LunarG have announced the Glassy Mesa project. This project, funded by Valve, will explore increasing game performance in Mesa through improvements in the shader compiler. The current parser and optimisation layer are replaced with glslang and the LLVM-based LunarGlass. More technical details are available in the slide deck.

Sébastien Métrot has released xspray, a frontend for lldb on OS X. One of its interesting features is the inbuilt support for plotting your data.

With all the LLVM news recently, it seems search traffic for 'llvm' has skyrocketed.

On the mailing lists

LLVM commits

  • The jumptable attribute has been introduced. If you mark a function with this attribute, references to it can be rewritten with a reference to the appropriate jump-instruction-table function pointer. r210280.

  • Support was added for Windows ARM exception handling data structures, including decoding them. r209998, r210192.

  • GlobalAlias can now point to an arbitrary ConstantExpression. See the commit message for a discussion of the consequences of this. r210062.

  • The subword level parallelism (SLP) vectorizer has been extended to support vectorization of getelementptr expressions. r210342.

  • The LLVM programmer's manual has been improved with an example of using IRBuilder. r210354.

Clang commits

  • Semantic analysis to make sure a loop is in OpenMP canonical form has been committed. r210095.

  • __builtin_operator_new and __builtin_operator_delete have been added. Some optimisations are allowed on these which would not be on ::operator new and are intended for the implementation of things like std::allocator. r210137.

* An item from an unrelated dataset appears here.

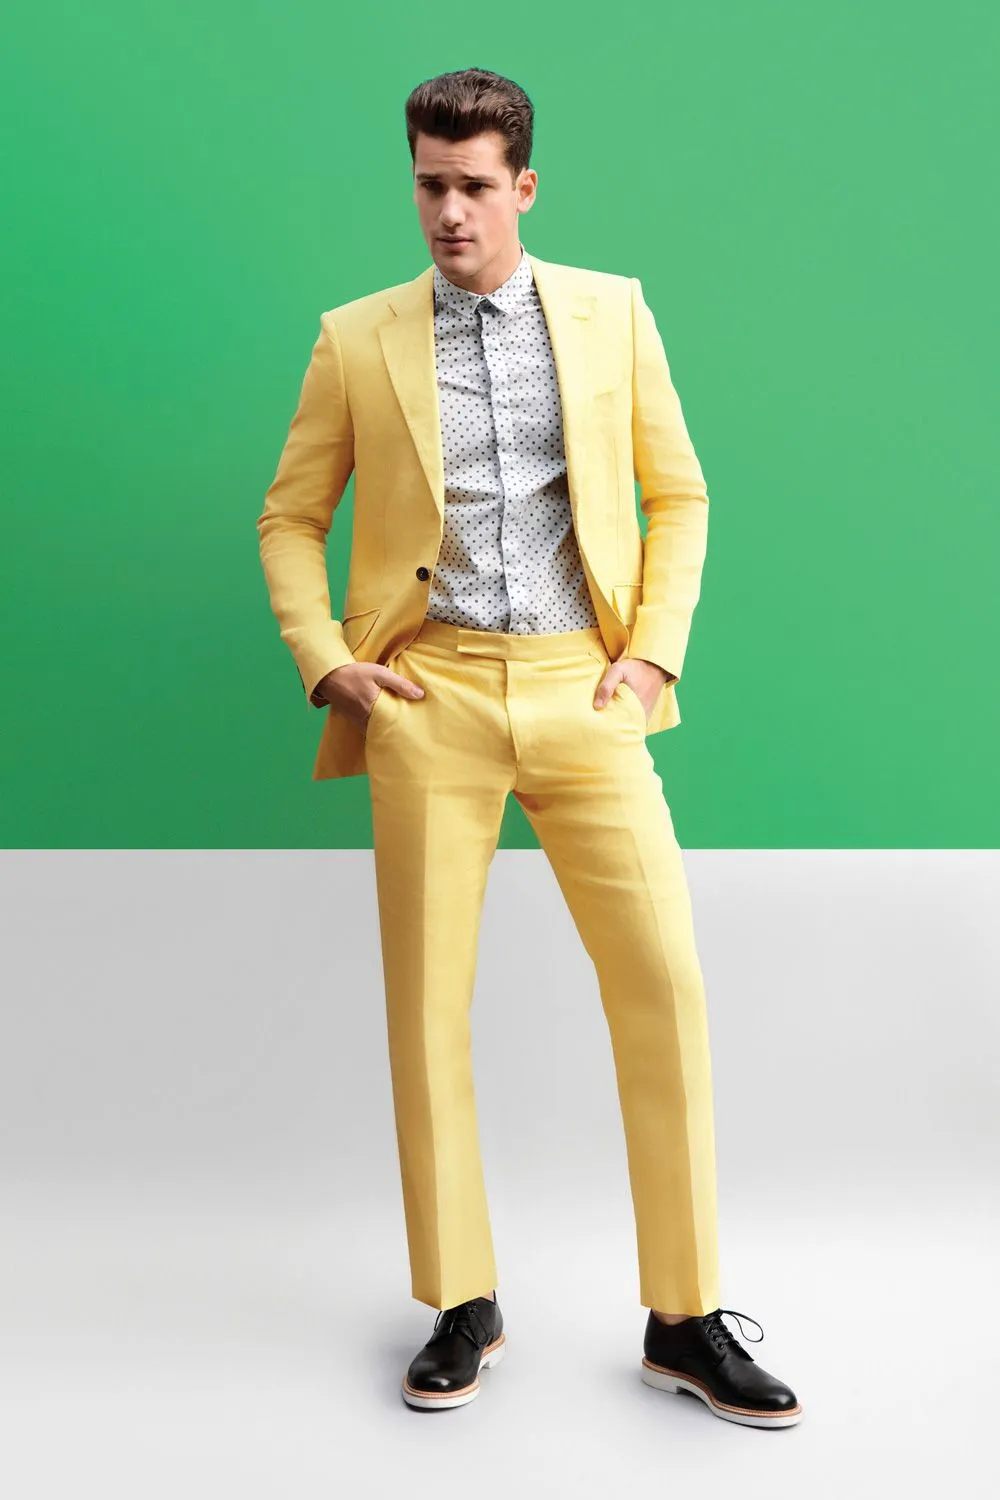 Новое прибытие Groomsmen Нотч Groom Смокинги желтый Мужские костюмы Свадебные / Prom / Dinner шафером Blazer (куртка + штаны + Tie) G174

  • New pragmas have been introduced to give optimisation hints for vectorization and interleaving. You can now use #pragma clang loop vectorize(enable) as well as vectorize(disable), vectorize_width(n), interleave(enable/disable), and interleave_count(n). r210330.

  • Support for the MSVC++ ABI continues with the addition of dynamic_cast for MS. r210377.

  • Support for global named registers has been expanded slightly to allow pointer types to be held in these variables. r210274.

  • GCC's -Wframe-larger-than=bytes diagnostic is now supported. r210293.

Other project commits

  • A benchmarking-only mode has been added to the testsuite r210251.

  • A status page for post-C++14 features in libcxx has been added. r210056.

  • An initial set of Makefiles has been committed to lld. r210177.

  • lldb gained support for inspecting enum members. r210046.

  • Polly can now be built without any GPLed software. r210176.